Would you print out all of the data exactly and keep the pictures out of it?
[Dataset excerpt — start]
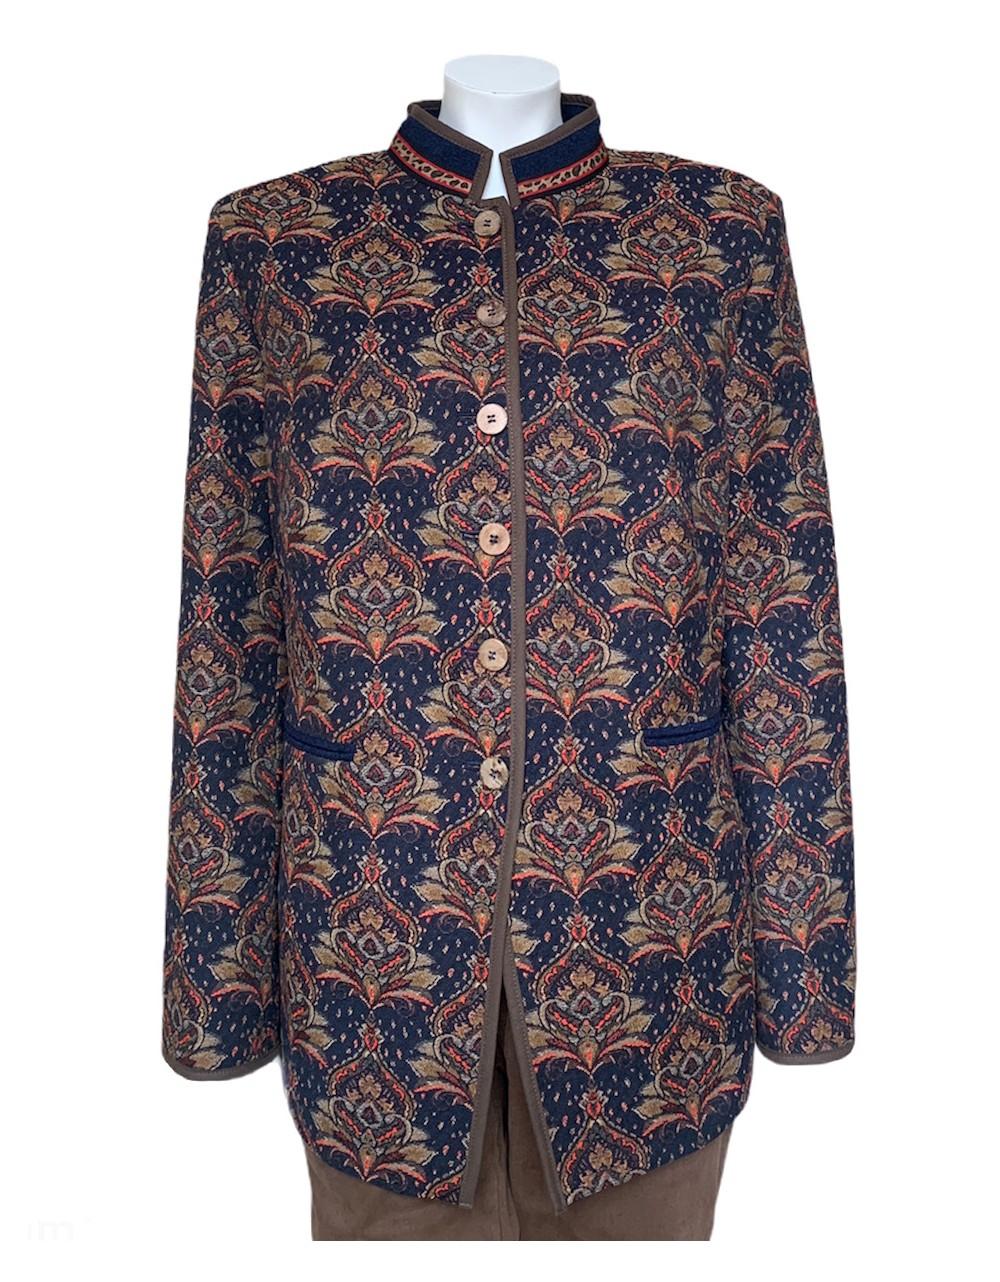 Rofa Moden Tapestry Design Jacket Irish Handcrafts 1
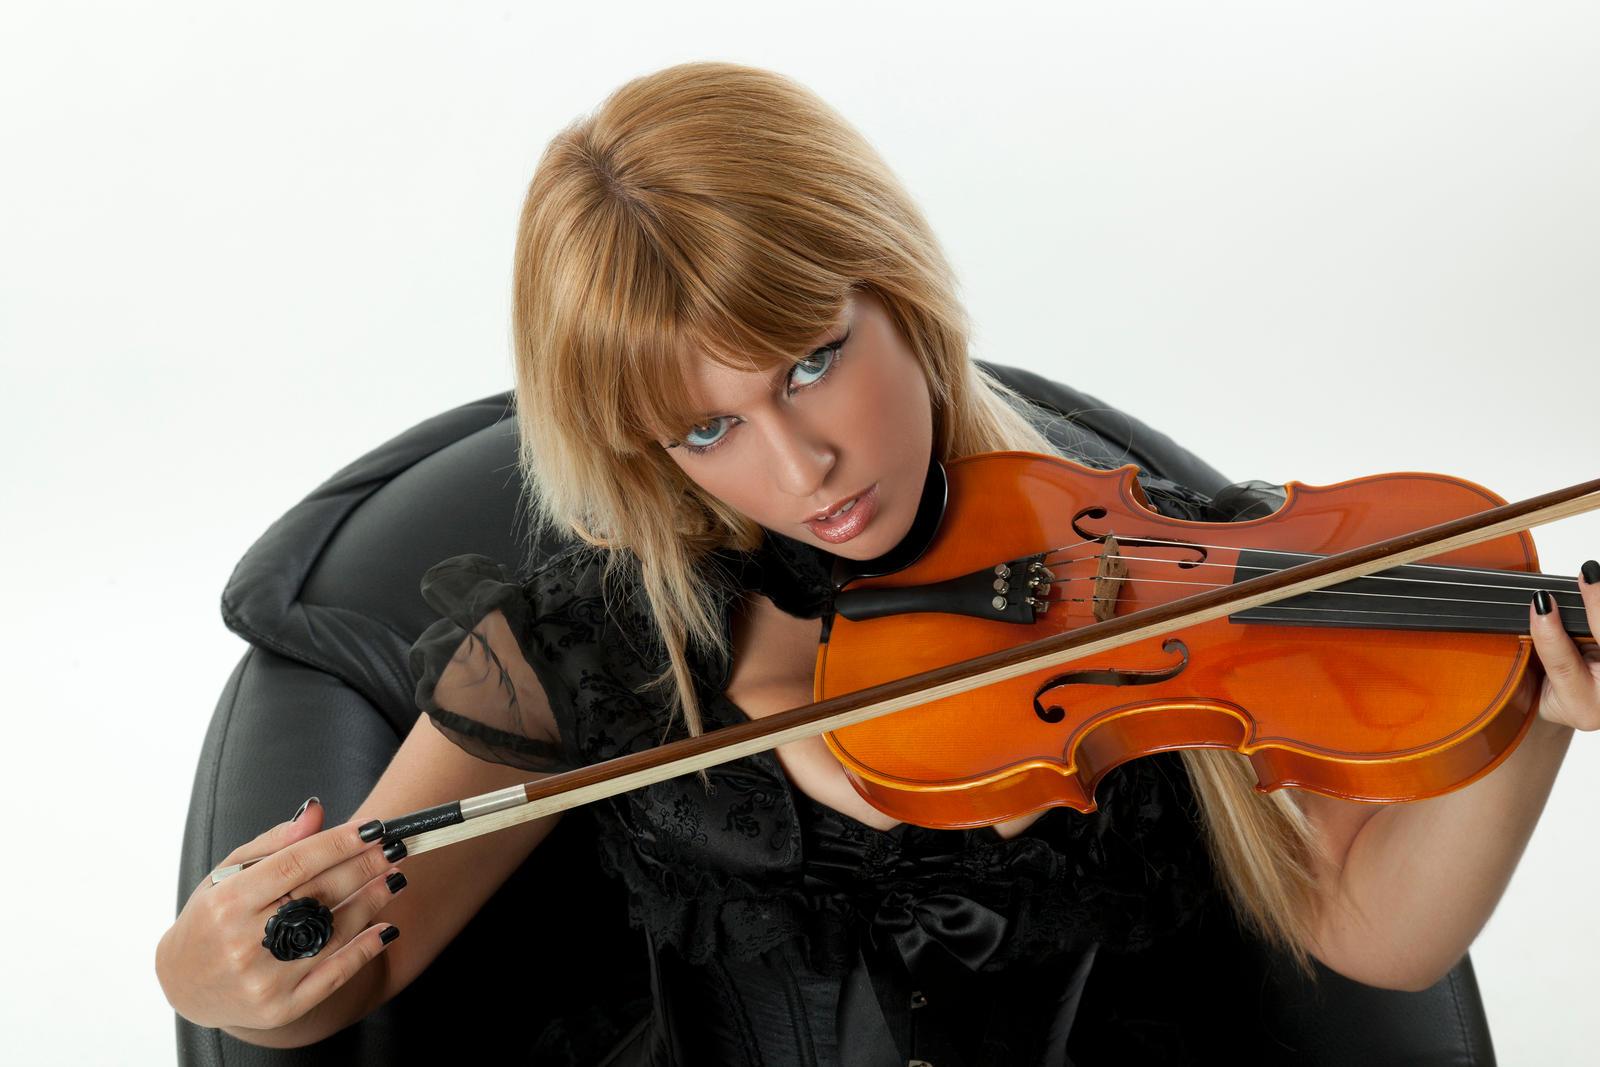 Tanit-Isis Violin close up by tanit-isis-stock
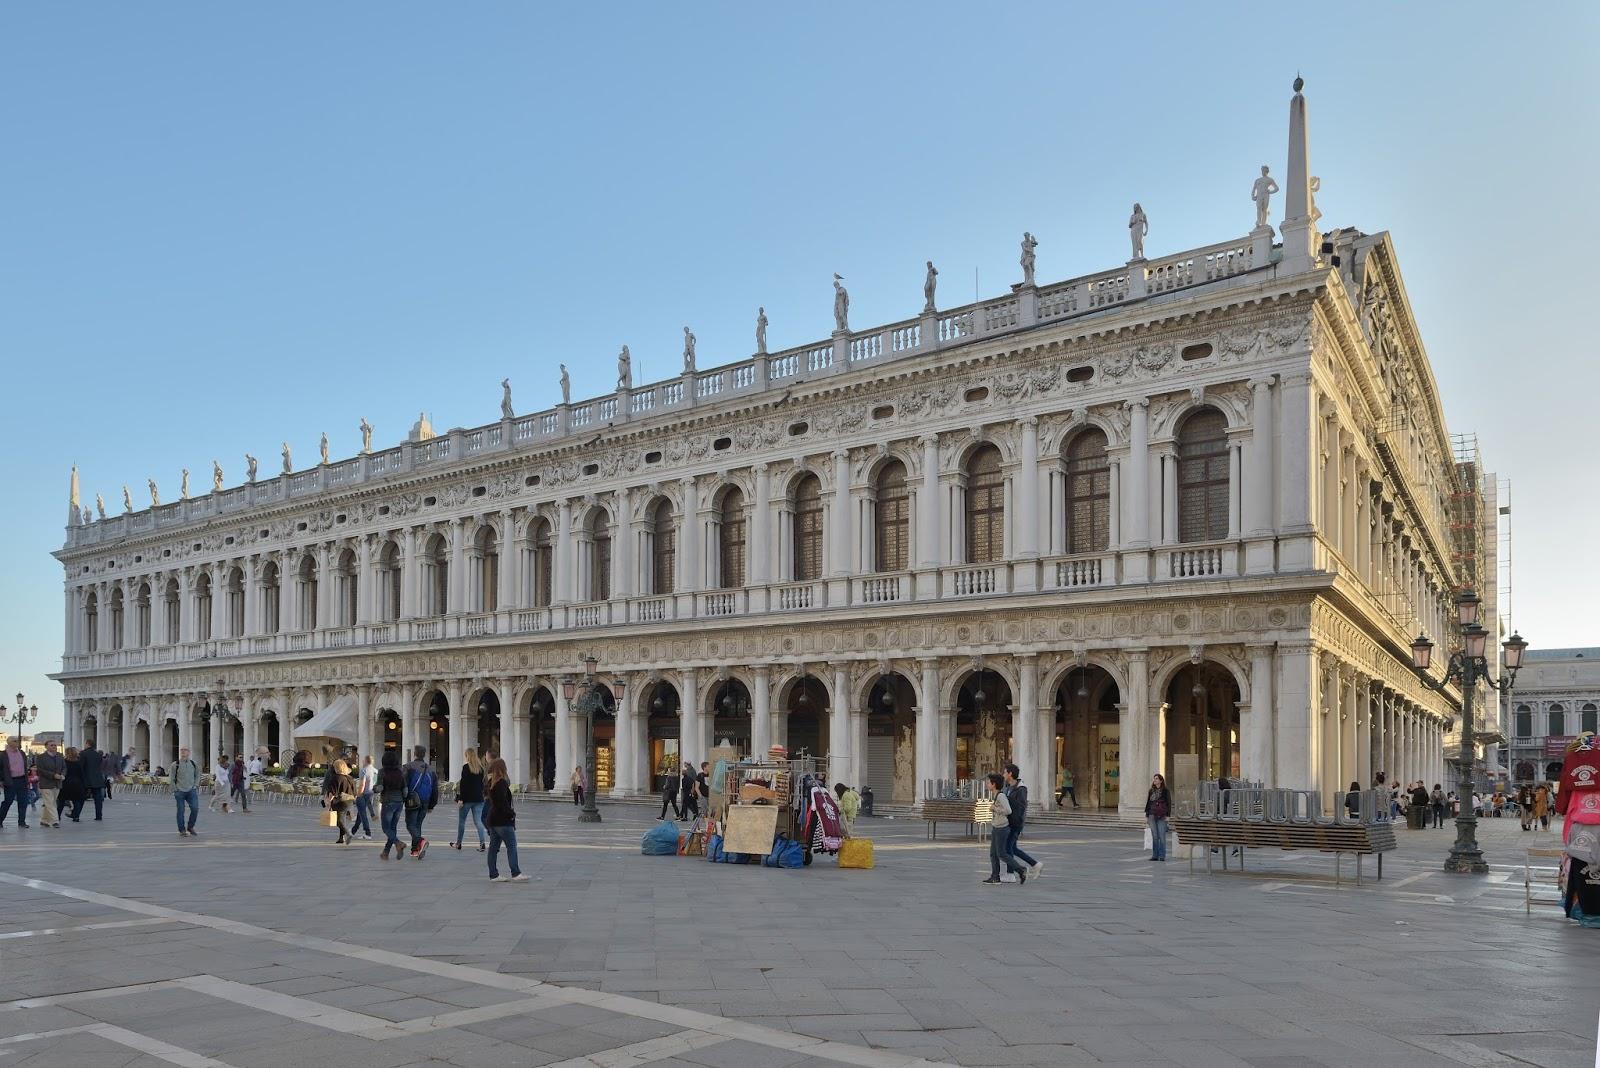 The Libreria Sansoviniana, which houses the Biblioteca Nazionale Marciana, is considered Sansovino's masterpiece
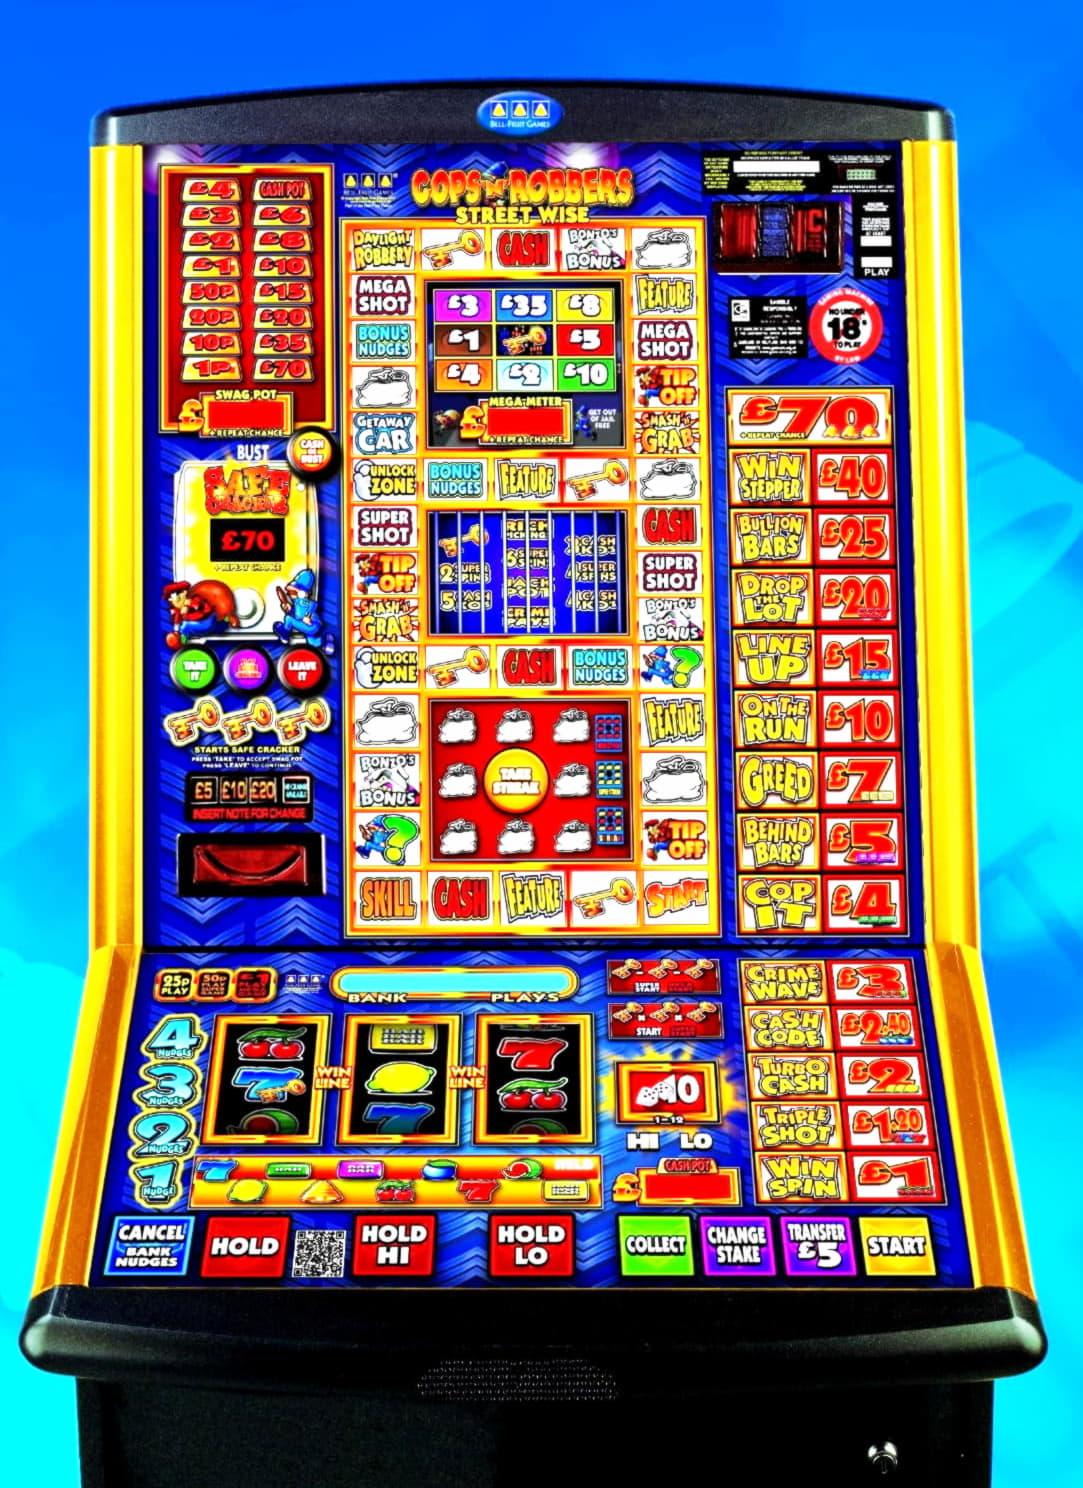 $ 755 Turnamén Kasino gratis di Manhattan slot Kasino
[Dataset excerpt — finish]
Answer to this exercise =
 Rofa Moden Tapestry Design Jacket Irish Handcrafts 1
 Tanit-Isis Violin close up by tanit-isis-stock
 The Libreria Sansoviniana, which houses the Biblioteca Nazionale Marciana, is considered Sansovino's masterpiece
 $ 755 Turnamén Kasino gratis di Manhattan slot Kasino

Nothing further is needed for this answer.